Davacılar, bu iddiaların doğruluğunu ispatlamak için, şu delilleri sunacak:
Karar defteri
Hazirunun askıya çıkarılmadığına dair tutanak ve video kaydı.
Genel kurulun yapıldığı sırada çekilen video kayıtları.
7 Nisan ile 28 Nisan arasında, yani iki genel kurul arasında yapılan üyelerin listesi.
Üyelikten çıkarılanların listesi.
Genel kurulda tartışma çıktığına dair gazete haberi ve video kayıtları.
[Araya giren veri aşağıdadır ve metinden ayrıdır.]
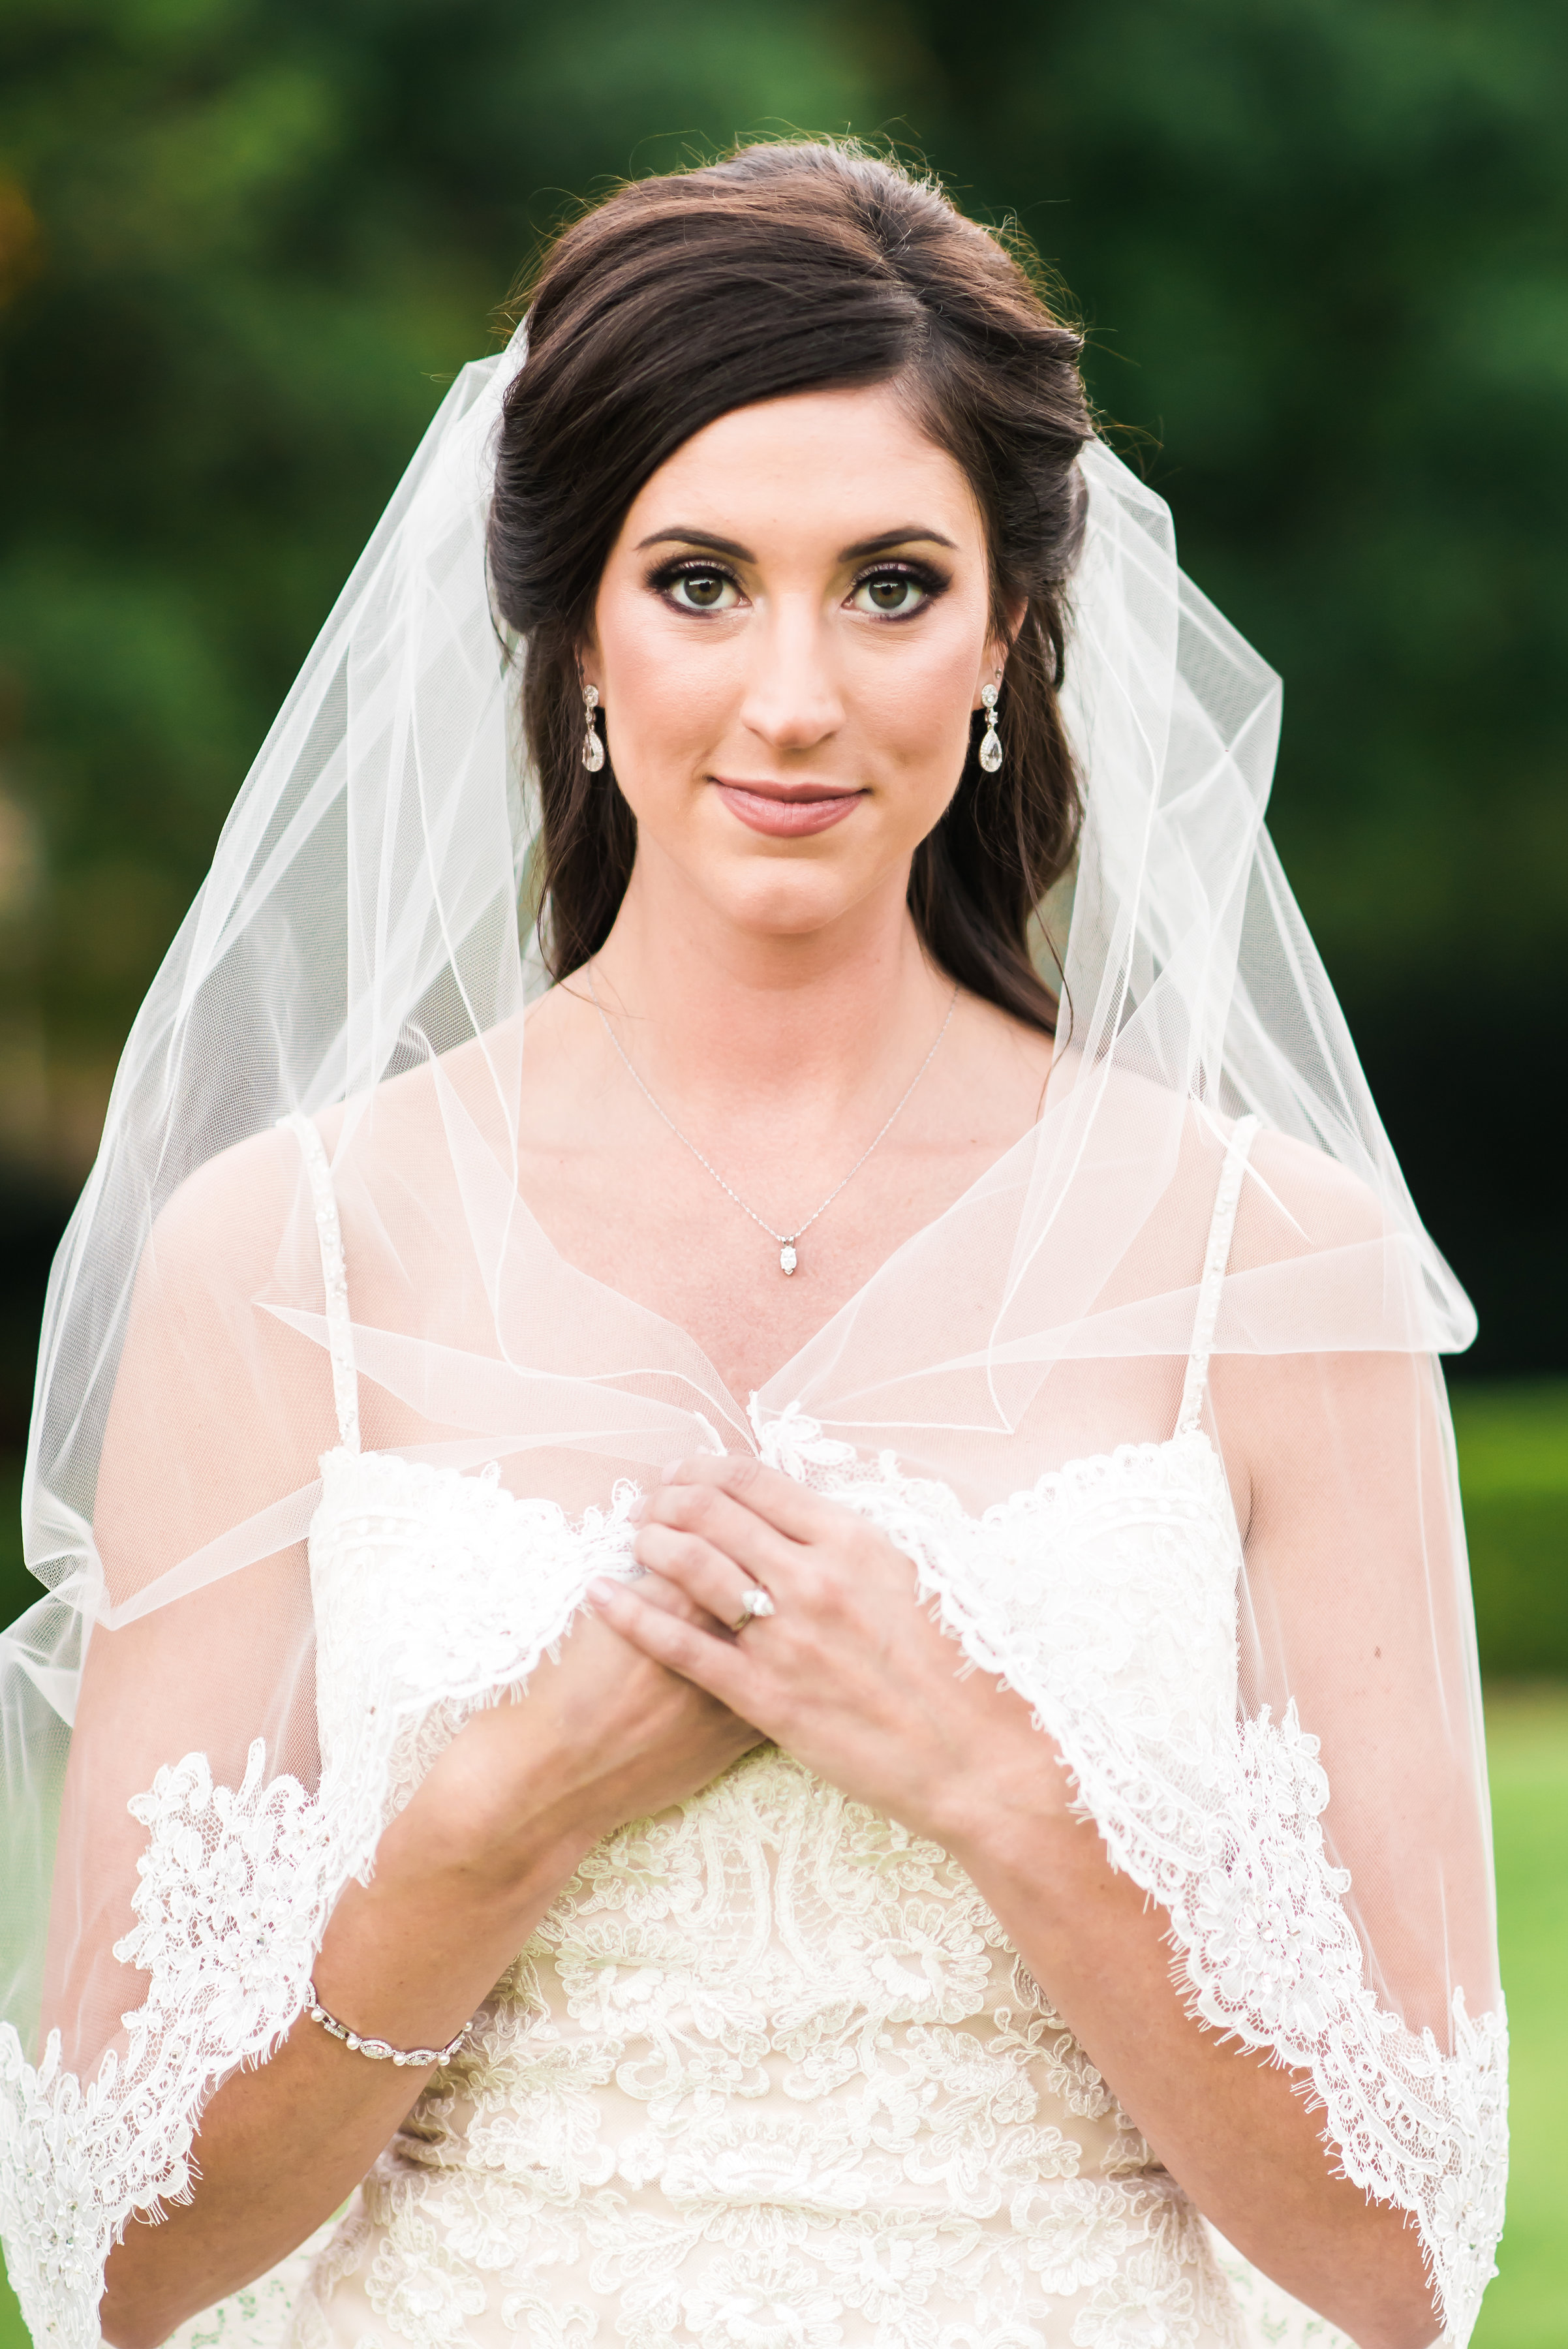 DFW Wedding: Morgan's Bridal Portraits | A Stylish Soiree, Wedding Planner

Tanık, bilirkişi ve her türlü yasal delil.
*
Evet…
Emirdağlılara ilişkin son durum bu.
Genel kurulun iptali için dava açılmış; mahkeme, ilk etapta, Murat Kahya başkanlığındaki yönetim kurulu tarafından alınan ‘vakıf senedinin düzenlenmesi’ kararına ilişkin yürütmeyi durdurmuş.
Mahkeme, genel kurulu da iptal eder mi, onu bilemiyoruz.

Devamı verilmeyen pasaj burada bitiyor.